As a restaurant serving Indigenous cooking, the staff at Wahpepah’s Kitchen is diverse, pretty much by definition. Because of her family’s roots in Oklahoma—she summered there as a child—Wahpepah, who was raised and now works on Ohlone land, is a member of the Kickapoo Nation. Her three daughters, who play important roles at the restaurant, are Northern California Pomo (“They’ve taught me a lot about working together,” Wahpepah says), while the rest of her staff’s roots grew in the soils of the Ojibwe Nation of the Great Lakes region and a dozen other locales.
The ingredients that make it onto your plate can be just as far-flung. There’s salmon caught and smoked by Seattle-residing members of the Lummi Nation, blue corn harvested and dried by members of the Ute Nation in Colorado, and acorn flour milled by members of the Fresno members of the Mono Nation. Even the cedar-smoked salt is Native. This meticulous attention to sources is a big part of Wahpepah’s commitment to reclaim the “food sovereignty” of Indigenous peoples.
Wahpepah came by her love of cooking like a lot of chefs, drawing inspiration from elder relatives. Two of her strongest influences were her Oklahoman grandmother, who first showed Wahpepah how to properly dry freshly harvested corn and prepare the aforementioned Kickapoo chili when she was just 7, and her grandfather, also from Oklahoma, who taught the inquisitive child how to prepare cuts of game meat such as rabbit and deer.
Before she opened her restaurant in late 2021, Wahpepah ran a catering business, but the Kitchen that bears her name is much better suited to her interest in working at a level that has resulted in an invitation to cook at the White House and a nomination for a James Beard Award.
“We serve people from all over the Bay Area, all over the nation,” Wahpepah says. “Most of our customers don’t know who we are, but they leave amazed.
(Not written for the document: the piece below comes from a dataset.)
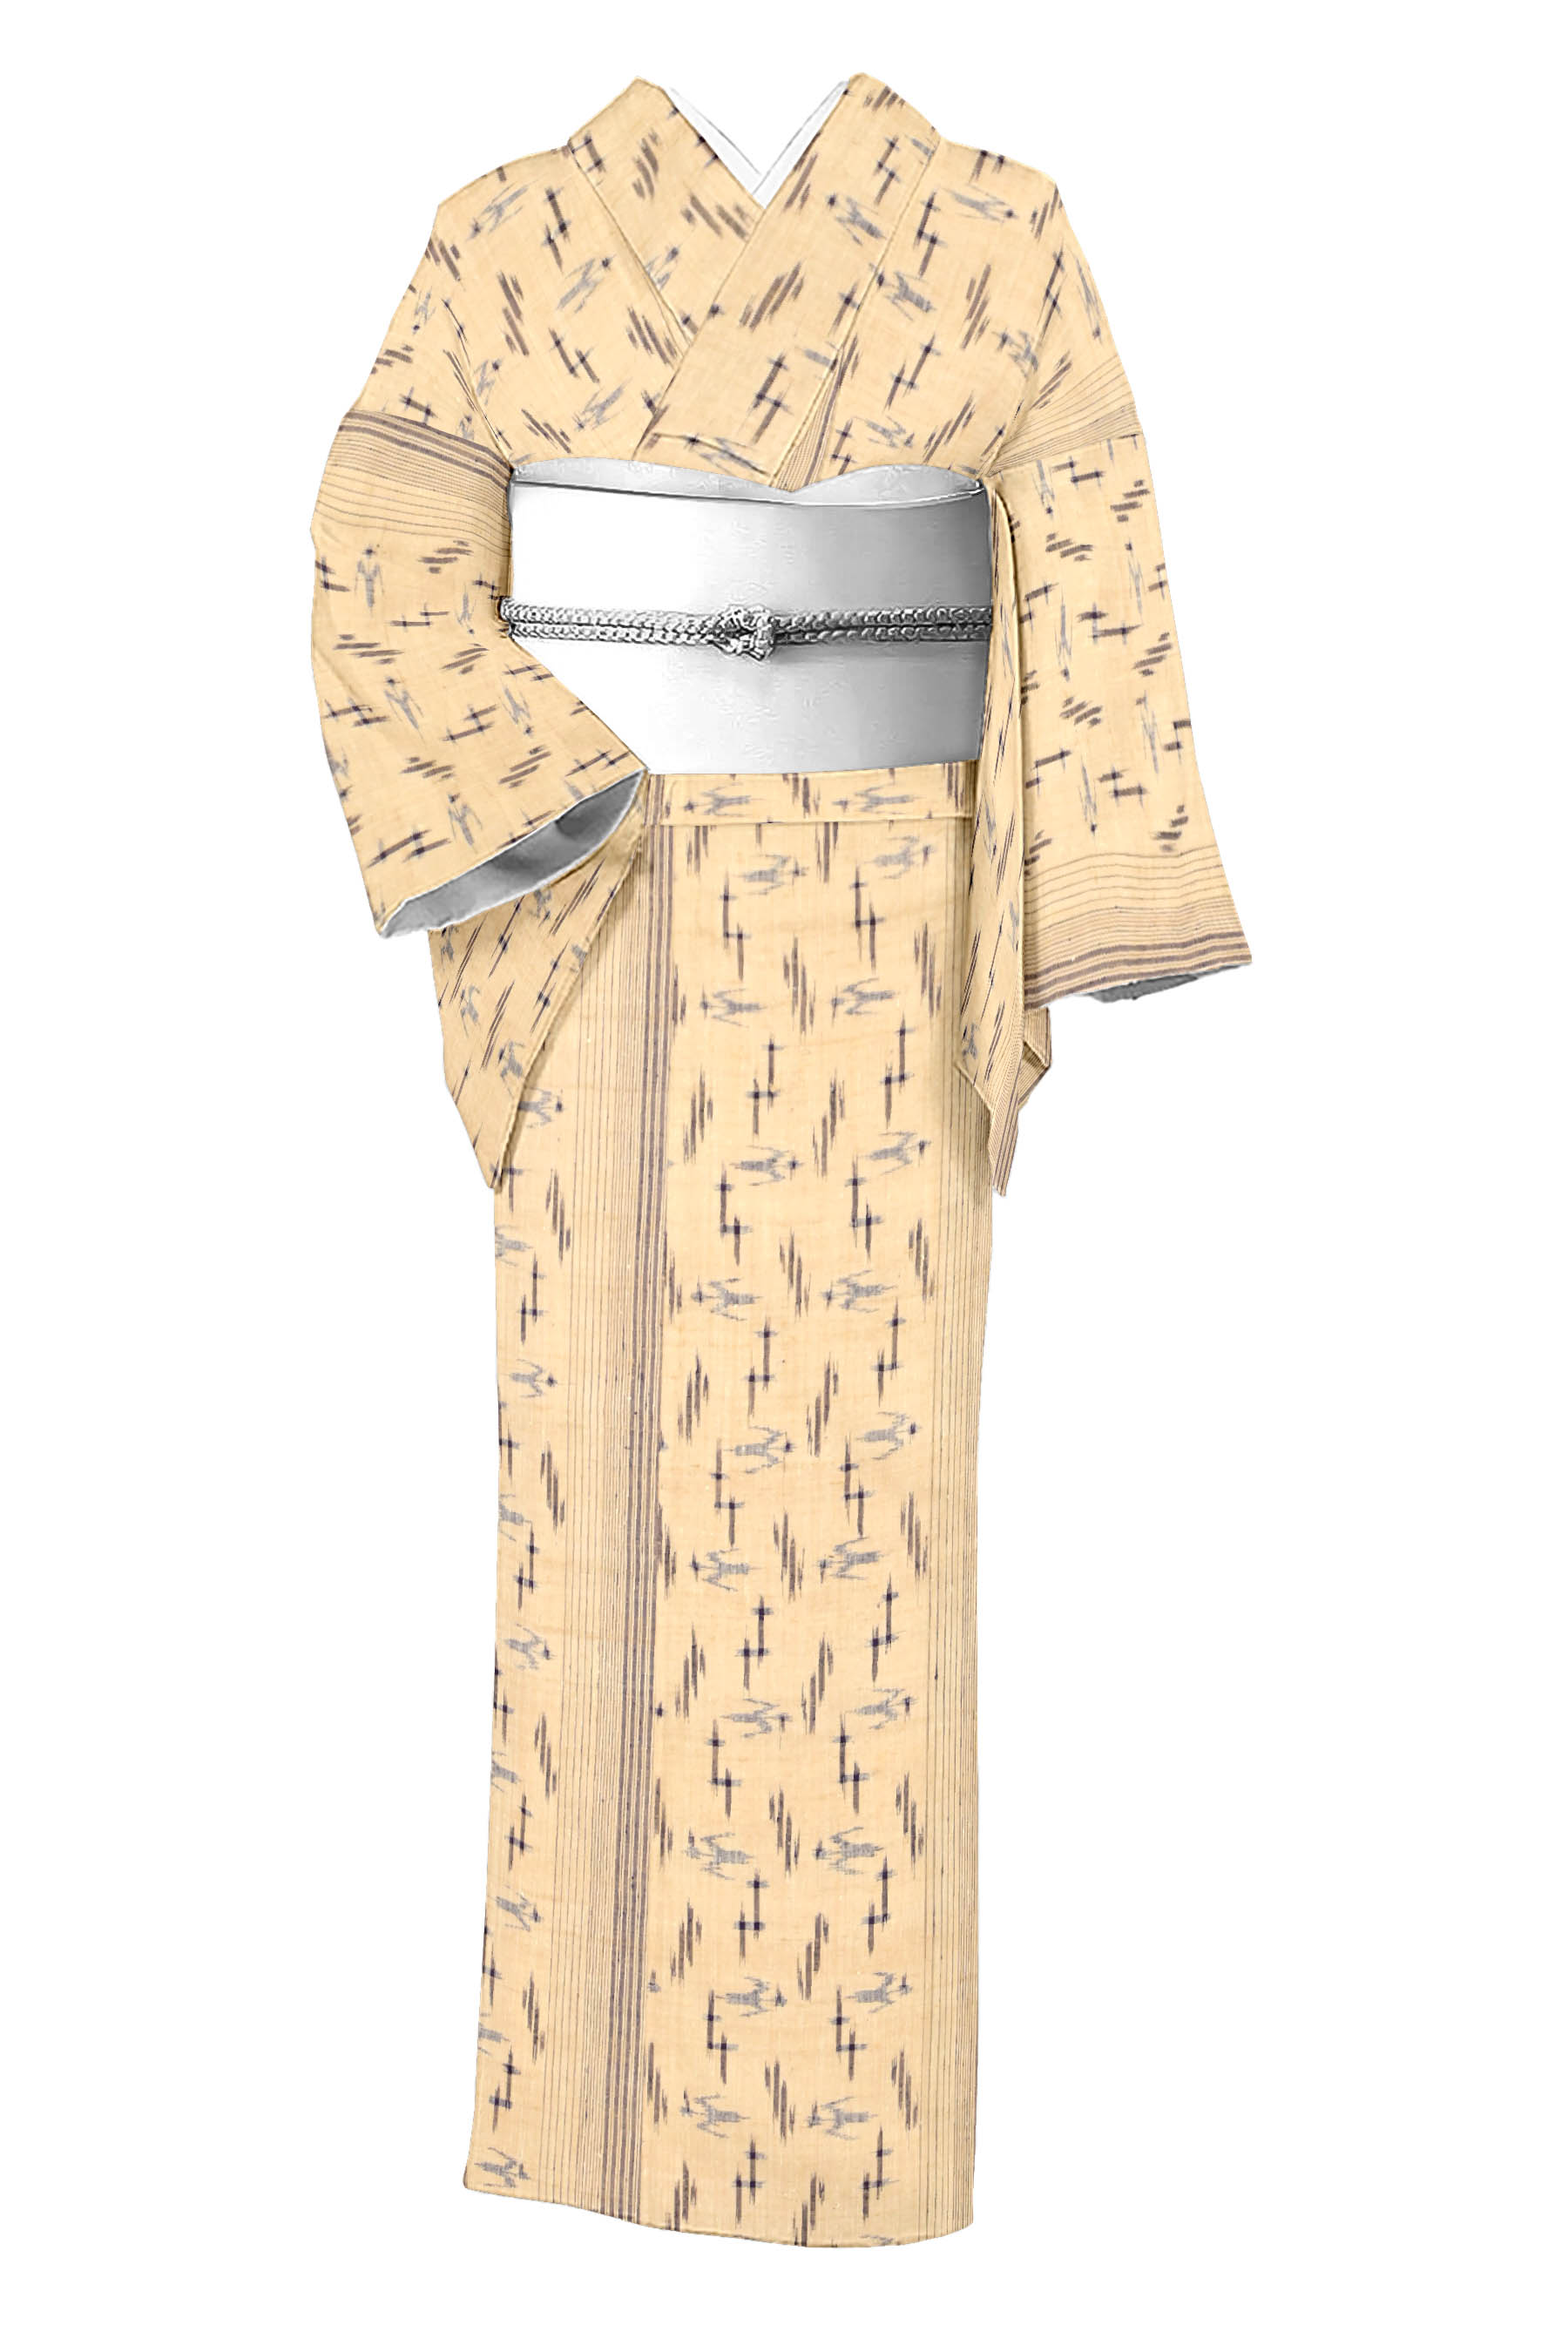 民芸紬】高級手縫いお仕立て着物 日本の絹 - 着物

And then they come back with a friend. That’s the beautiful part.”
These days, for her own sustenance, Wahpepah finds herself returning to her grandmother’s chili or the green pumpkin-seed mole, which like the restaurant’s tacos—bison, rabbit, or squash—is served with a side of greens grown on a nearby Oakland rooftop. And while these dishes and others may have brought Wahpepah a measure of personal acclaim that’s never been her goal.
“I happen to be doing something I love,” she says. “Things like the James Beard nomination are nice, but the importance of it is that our work and what we’re doing in the community is recognized. That’s definitely the mission—to promote food sovereignty while being visible in our community, especially to youth. They are our next generation, you know.”